▶ **DATA IN THIS EXERCISE**
+-------+

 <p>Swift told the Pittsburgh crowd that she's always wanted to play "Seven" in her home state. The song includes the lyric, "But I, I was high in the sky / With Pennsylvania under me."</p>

+-------+

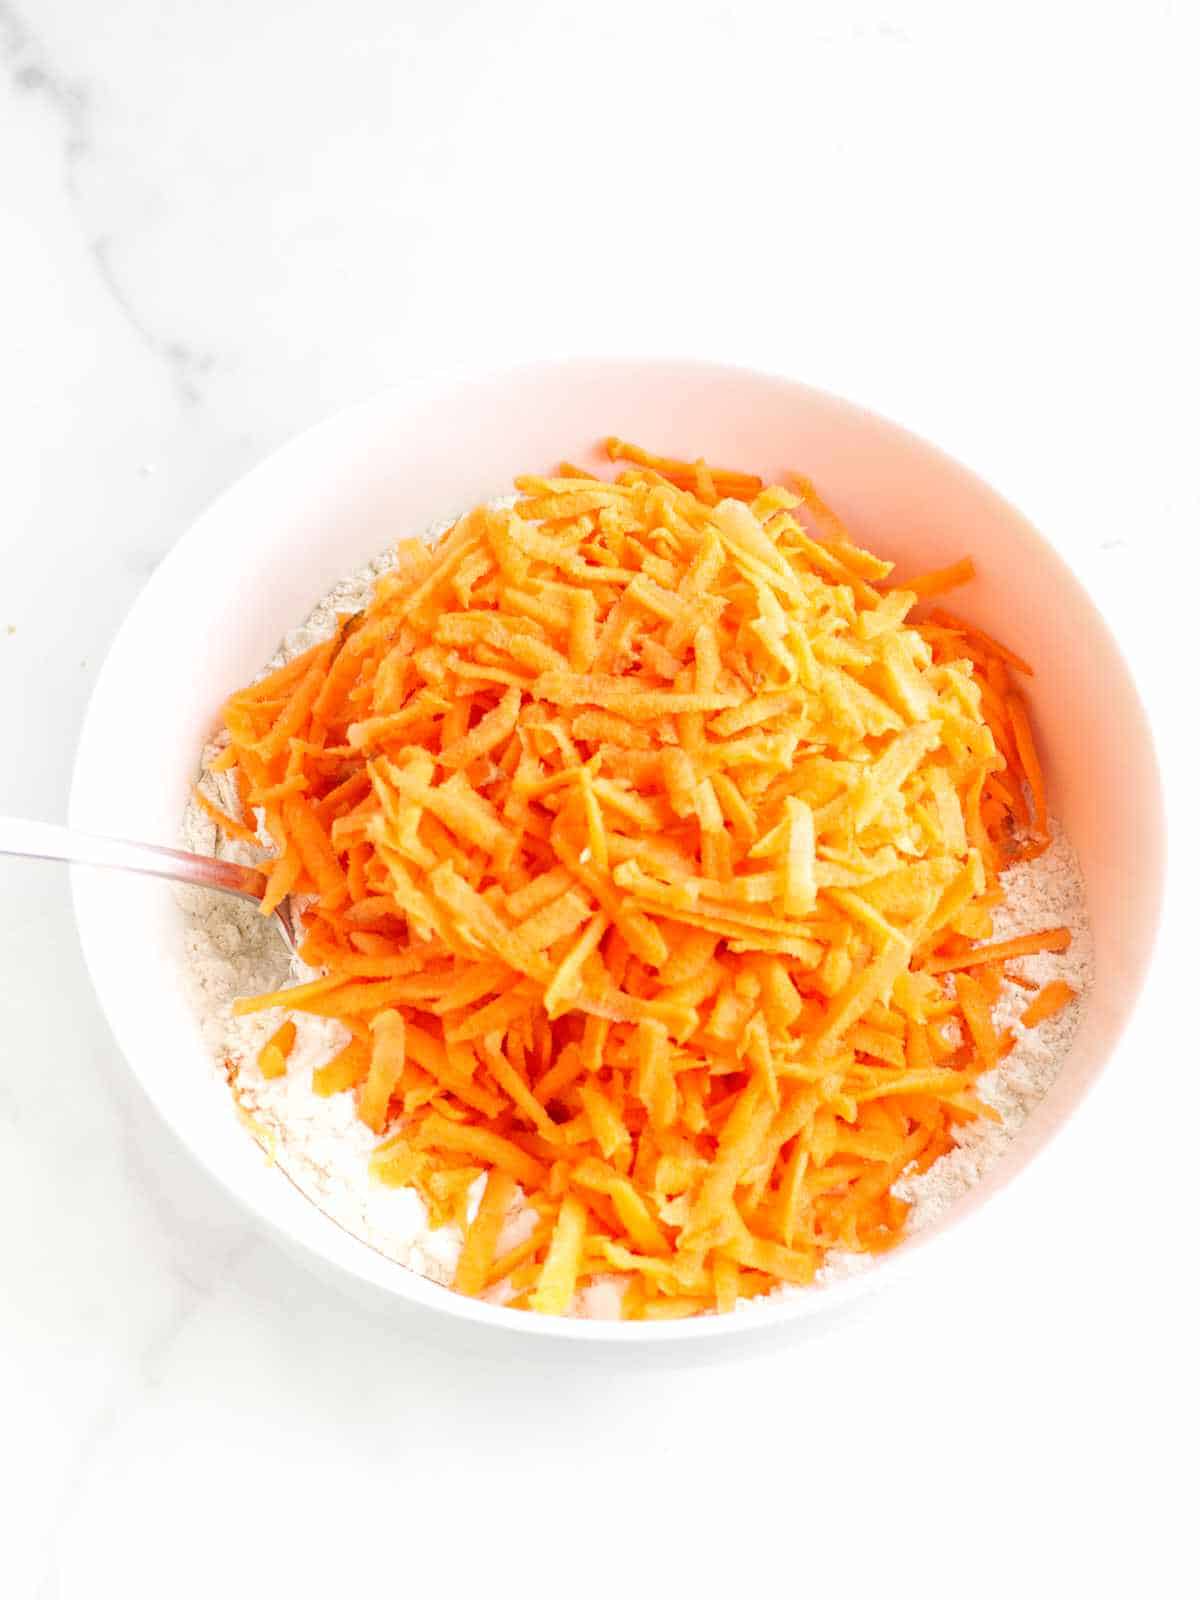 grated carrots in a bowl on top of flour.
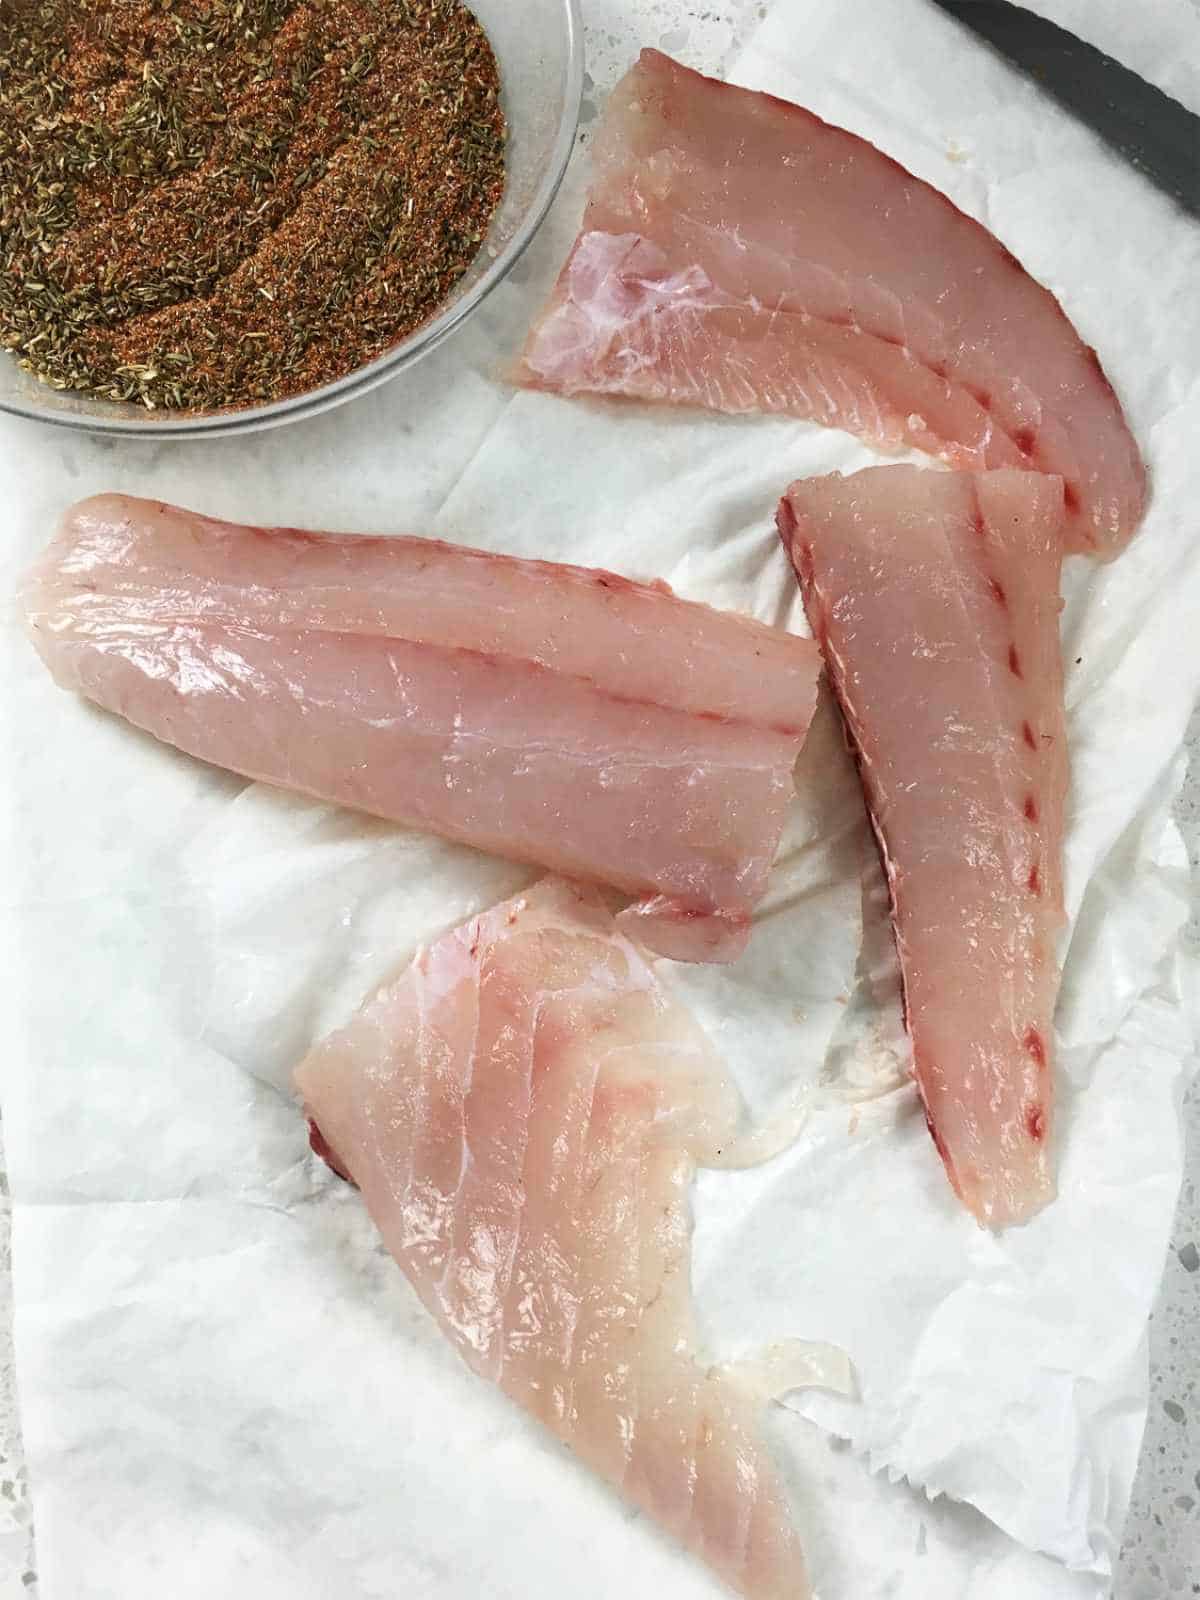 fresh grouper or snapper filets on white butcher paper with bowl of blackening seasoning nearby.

+-------+

Using the records above, print exactly the run of lines that starts with the line with "grated carrots in a bowl on top of flour." and goes on through the line with "fresh grouper or", pictures excluded.

▶ **ANSWER**
 grated carrots in a bowl on top of flour.
 fresh grouper or snapper filets on white butcher paper with bowl of blackening seasoning nearby.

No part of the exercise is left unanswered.